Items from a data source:
>>>

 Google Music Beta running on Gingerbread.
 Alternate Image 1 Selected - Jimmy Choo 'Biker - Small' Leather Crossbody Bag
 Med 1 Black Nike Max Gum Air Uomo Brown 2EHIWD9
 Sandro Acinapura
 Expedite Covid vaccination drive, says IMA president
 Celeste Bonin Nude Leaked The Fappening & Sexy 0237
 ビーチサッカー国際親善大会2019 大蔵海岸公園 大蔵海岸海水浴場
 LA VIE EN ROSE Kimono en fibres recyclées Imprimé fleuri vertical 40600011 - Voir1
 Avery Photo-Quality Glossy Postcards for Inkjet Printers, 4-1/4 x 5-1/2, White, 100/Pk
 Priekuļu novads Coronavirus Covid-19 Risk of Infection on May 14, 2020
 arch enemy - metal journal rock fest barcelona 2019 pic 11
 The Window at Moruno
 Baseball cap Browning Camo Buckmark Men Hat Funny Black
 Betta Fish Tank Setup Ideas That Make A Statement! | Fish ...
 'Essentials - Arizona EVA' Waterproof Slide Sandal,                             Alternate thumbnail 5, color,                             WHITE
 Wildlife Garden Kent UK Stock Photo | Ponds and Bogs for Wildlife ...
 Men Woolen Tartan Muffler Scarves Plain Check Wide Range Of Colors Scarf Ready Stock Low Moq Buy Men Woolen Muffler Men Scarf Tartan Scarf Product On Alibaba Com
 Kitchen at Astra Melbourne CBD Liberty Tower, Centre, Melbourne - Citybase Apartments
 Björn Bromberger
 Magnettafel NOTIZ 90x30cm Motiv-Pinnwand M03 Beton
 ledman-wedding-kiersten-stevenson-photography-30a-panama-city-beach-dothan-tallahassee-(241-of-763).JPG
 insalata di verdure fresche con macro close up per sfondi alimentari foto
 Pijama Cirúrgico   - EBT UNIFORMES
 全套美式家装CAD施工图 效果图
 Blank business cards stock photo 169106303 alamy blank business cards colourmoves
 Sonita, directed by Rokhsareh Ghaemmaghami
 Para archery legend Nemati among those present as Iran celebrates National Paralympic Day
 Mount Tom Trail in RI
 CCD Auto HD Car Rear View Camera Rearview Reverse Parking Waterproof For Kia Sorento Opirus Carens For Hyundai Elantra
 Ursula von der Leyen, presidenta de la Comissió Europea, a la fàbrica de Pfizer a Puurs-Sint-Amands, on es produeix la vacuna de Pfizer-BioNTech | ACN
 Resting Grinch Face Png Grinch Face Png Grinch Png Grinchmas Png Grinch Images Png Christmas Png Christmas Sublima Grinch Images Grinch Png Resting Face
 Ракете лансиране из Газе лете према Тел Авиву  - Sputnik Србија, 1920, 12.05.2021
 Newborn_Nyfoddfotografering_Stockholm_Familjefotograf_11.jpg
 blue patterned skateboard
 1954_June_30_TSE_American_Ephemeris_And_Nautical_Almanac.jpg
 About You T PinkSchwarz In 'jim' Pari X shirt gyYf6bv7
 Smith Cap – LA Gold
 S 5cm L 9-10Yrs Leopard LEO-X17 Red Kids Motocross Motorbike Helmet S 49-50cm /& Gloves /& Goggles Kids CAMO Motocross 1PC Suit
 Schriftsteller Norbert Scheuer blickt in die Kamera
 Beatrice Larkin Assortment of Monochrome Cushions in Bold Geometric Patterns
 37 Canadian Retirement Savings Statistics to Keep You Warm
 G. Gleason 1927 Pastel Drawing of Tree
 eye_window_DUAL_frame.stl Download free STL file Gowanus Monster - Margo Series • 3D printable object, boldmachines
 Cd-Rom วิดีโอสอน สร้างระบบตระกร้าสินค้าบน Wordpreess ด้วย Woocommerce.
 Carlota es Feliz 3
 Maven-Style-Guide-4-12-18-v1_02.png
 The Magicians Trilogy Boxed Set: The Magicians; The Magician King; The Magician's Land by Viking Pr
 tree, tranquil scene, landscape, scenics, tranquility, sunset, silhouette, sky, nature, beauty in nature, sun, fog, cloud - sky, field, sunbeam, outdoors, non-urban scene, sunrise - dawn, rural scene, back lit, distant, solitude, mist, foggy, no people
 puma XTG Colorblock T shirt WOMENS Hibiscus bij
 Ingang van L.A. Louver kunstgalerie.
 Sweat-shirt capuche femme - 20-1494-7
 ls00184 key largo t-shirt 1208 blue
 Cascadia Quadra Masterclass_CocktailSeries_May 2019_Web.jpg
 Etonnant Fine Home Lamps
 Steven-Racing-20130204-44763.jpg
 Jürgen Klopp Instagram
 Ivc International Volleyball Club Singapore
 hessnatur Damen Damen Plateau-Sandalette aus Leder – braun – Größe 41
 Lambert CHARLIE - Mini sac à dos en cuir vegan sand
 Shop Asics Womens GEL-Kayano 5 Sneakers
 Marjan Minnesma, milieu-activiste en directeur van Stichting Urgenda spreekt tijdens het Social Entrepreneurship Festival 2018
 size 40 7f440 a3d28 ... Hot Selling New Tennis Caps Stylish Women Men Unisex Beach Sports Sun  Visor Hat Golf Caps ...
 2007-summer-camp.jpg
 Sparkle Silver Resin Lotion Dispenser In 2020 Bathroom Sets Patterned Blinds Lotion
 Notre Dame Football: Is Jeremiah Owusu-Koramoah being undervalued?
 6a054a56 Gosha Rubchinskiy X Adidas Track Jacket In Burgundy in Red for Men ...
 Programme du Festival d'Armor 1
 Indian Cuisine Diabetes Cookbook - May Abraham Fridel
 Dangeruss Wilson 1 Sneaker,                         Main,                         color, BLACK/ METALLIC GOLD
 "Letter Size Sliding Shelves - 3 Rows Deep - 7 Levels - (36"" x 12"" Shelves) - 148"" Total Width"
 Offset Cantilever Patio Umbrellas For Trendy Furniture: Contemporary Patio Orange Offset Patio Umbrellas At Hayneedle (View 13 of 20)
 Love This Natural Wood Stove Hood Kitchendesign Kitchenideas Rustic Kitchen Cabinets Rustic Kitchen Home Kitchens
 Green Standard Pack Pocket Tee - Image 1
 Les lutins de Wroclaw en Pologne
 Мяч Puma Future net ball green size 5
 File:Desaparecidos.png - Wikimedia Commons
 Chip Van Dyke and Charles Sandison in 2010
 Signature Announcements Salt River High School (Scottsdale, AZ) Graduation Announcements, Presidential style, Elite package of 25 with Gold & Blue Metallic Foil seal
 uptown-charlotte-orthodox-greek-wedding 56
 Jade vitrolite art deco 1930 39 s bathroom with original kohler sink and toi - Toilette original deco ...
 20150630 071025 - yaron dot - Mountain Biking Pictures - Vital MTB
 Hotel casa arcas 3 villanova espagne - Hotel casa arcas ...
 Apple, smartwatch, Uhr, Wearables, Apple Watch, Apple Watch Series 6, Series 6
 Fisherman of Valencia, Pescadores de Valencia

<<<

■ EXERCISE: Set down every entry again, exactly as written.

■ OUTPUT BELOW:
 Google Music Beta running on Gingerbread.
 Alternate Image 1 Selected - Jimmy Choo 'Biker - Small' Leather Crossbody Bag
 Med 1 Black Nike Max Gum Air Uomo Brown 2EHIWD9
 Sandro Acinapura
 Expedite Covid vaccination drive, says IMA president
 Celeste Bonin Nude Leaked The Fappening & Sexy 0237
 ビーチサッカー国際親善大会2019 大蔵海岸公園 大蔵海岸海水浴場
 LA VIE EN ROSE Kimono en fibres recyclées Imprimé fleuri vertical 40600011 - Voir1
 Avery Photo-Quality Glossy Postcards for Inkjet Printers, 4-1/4 x 5-1/2, White, 100/Pk
 Priekuļu novads Coronavirus Covid-19 Risk of Infection on May 14, 2020
 arch enemy - metal journal rock fest barcelona 2019 pic 11
 The Window at Moruno
 Baseball cap Browning Camo Buckmark Men Hat Funny Black
 Betta Fish Tank Setup Ideas That Make A Statement! | Fish ...
 'Essentials - Arizona EVA' Waterproof Slide Sandal,                             Alternate thumbnail 5, color,                             WHITE
 Wildlife Garden Kent UK Stock Photo | Ponds and Bogs for Wildlife ...
 Men Woolen Tartan Muffler Scarves Plain Check Wide Range Of Colors Scarf Ready Stock Low Moq Buy Men Woolen Muffler Men Scarf Tartan Scarf Product On Alibaba Com
 Kitchen at Astra Melbourne CBD Liberty Tower, Centre, Melbourne - Citybase Apartments
 Björn Bromberger
 Magnettafel NOTIZ 90x30cm Motiv-Pinnwand M03 Beton
 ledman-wedding-kiersten-stevenson-photography-30a-panama-city-beach-dothan-tallahassee-(241-of-763).JPG
 insalata di verdure fresche con macro close up per sfondi alimentari foto
 Pijama Cirúrgico   - EBT UNIFORMES
 全套美式家装CAD施工图 效果图
 Blank business cards stock photo 169106303 alamy blank business cards colourmoves
 Sonita, directed by Rokhsareh Ghaemmaghami
 Para archery legend Nemati among those present as Iran celebrates National Paralympic Day
 Mount Tom Trail in RI
 CCD Auto HD Car Rear View Camera Rearview Reverse Parking Waterproof For Kia Sorento Opirus Carens For Hyundai Elantra
 Ursula von der Leyen, presidenta de la Comissió Europea, a la fàbrica de Pfizer a Puurs-Sint-Amands, on es produeix la vacuna de Pfizer-BioNTech | ACN
 Resting Grinch Face Png Grinch Face Png Grinch Png Grinchmas Png Grinch Images Png Christmas Png Christmas Sublima Grinch Images Grinch Png Resting Face
 Ракете лансиране из Газе лете према Тел Авиву  - Sputnik Србија, 1920, 12.05.2021
 Newborn_Nyfoddfotografering_Stockholm_Familjefotograf_11.jpg
 blue patterned skateboard
 1954_June_30_TSE_American_Ephemeris_And_Nautical_Almanac.jpg
 About You T PinkSchwarz In 'jim' Pari X shirt gyYf6bv7
 Smith Cap – LA Gold
 S 5cm L 9-10Yrs Leopard LEO-X17 Red Kids Motocross Motorbike Helmet S 49-50cm /& Gloves /& Goggles Kids CAMO Motocross 1PC Suit
 Schriftsteller Norbert Scheuer blickt in die Kamera
 Beatrice Larkin Assortment of Monochrome Cushions in Bold Geometric Patterns
 37 Canadian Retirement Savings Statistics to Keep You Warm
 G. Gleason 1927 Pastel Drawing of Tree
 eye_window_DUAL_frame.stl Download free STL file Gowanus Monster - Margo Series • 3D printable object, boldmachines
 Cd-Rom วิดีโอสอน สร้างระบบตระกร้าสินค้าบน Wordpreess ด้วย Woocommerce.
 Carlota es Feliz 3
 Maven-Style-Guide-4-12-18-v1_02.png
 The Magicians Trilogy Boxed Set: The Magicians; The Magician King; The Magician's Land by Viking Pr
 tree, tranquil scene, landscape, scenics, tranquility, sunset, silhouette, sky, nature, beauty in nature, sun, fog, cloud - sky, field, sunbeam, outdoors, non-urban scene, sunrise - dawn, rural scene, back lit, distant, solitude, mist, foggy, no people
 puma XTG Colorblock T shirt WOMENS Hibiscus bij
 Ingang van L.A. Louver kunstgalerie.
 Sweat-shirt capuche femme - 20-1494-7
 ls00184 key largo t-shirt 1208 blue
 Cascadia Quadra Masterclass_CocktailSeries_May 2019_Web.jpg
 Etonnant Fine Home Lamps
 Steven-Racing-20130204-44763.jpg
 Jürgen Klopp Instagram
 Ivc International Volleyball Club Singapore
 hessnatur Damen Damen Plateau-Sandalette aus Leder – braun – Größe 41
 Lambert CHARLIE - Mini sac à dos en cuir vegan sand
 Shop Asics Womens GEL-Kayano 5 Sneakers
 Marjan Minnesma, milieu-activiste en directeur van Stichting Urgenda spreekt tijdens het Social Entrepreneurship Festival 2018
 size 40 7f440 a3d28 ... Hot Selling New Tennis Caps Stylish Women Men Unisex Beach Sports Sun  Visor Hat Golf Caps ...
 2007-summer-camp.jpg
 Sparkle Silver Resin Lotion Dispenser In 2020 Bathroom Sets Patterned Blinds Lotion
 Notre Dame Football: Is Jeremiah Owusu-Koramoah being undervalued?
 6a054a56 Gosha Rubchinskiy X Adidas Track Jacket In Burgundy in Red for Men ...
 Programme du Festival d'Armor 1
 Indian Cuisine Diabetes Cookbook - May Abraham Fridel
 Dangeruss Wilson 1 Sneaker,                         Main,                         color, BLACK/ METALLIC GOLD
 "Letter Size Sliding Shelves - 3 Rows Deep - 7 Levels - (36"" x 12"" Shelves) - 148"" Total Width"
 Offset Cantilever Patio Umbrellas For Trendy Furniture: Contemporary Patio Orange Offset Patio Umbrellas At Hayneedle (View 13 of 20)
 Love This Natural Wood Stove Hood Kitchendesign Kitchenideas Rustic Kitchen Cabinets Rustic Kitchen Home Kitchens
 Green Standard Pack Pocket Tee - Image 1
 Les lutins de Wroclaw en Pologne
 Мяч Puma Future net ball green size 5
 File:Desaparecidos.png - Wikimedia Commons
 Chip Van Dyke and Charles Sandison in 2010
 Signature Announcements Salt River High School (Scottsdale, AZ) Graduation Announcements, Presidential style, Elite package of 25 with Gold & Blue Metallic Foil seal
 uptown-charlotte-orthodox-greek-wedding 56
 Jade vitrolite art deco 1930 39 s bathroom with original kohler sink and toi - Toilette original deco ...
 20150630 071025 - yaron dot - Mountain Biking Pictures - Vital MTB
 Hotel casa arcas 3 villanova espagne - Hotel casa arcas ...
 Apple, smartwatch, Uhr, Wearables, Apple Watch, Apple Watch Series 6, Series 6
 Fisherman of Valencia, Pescadores de Valencia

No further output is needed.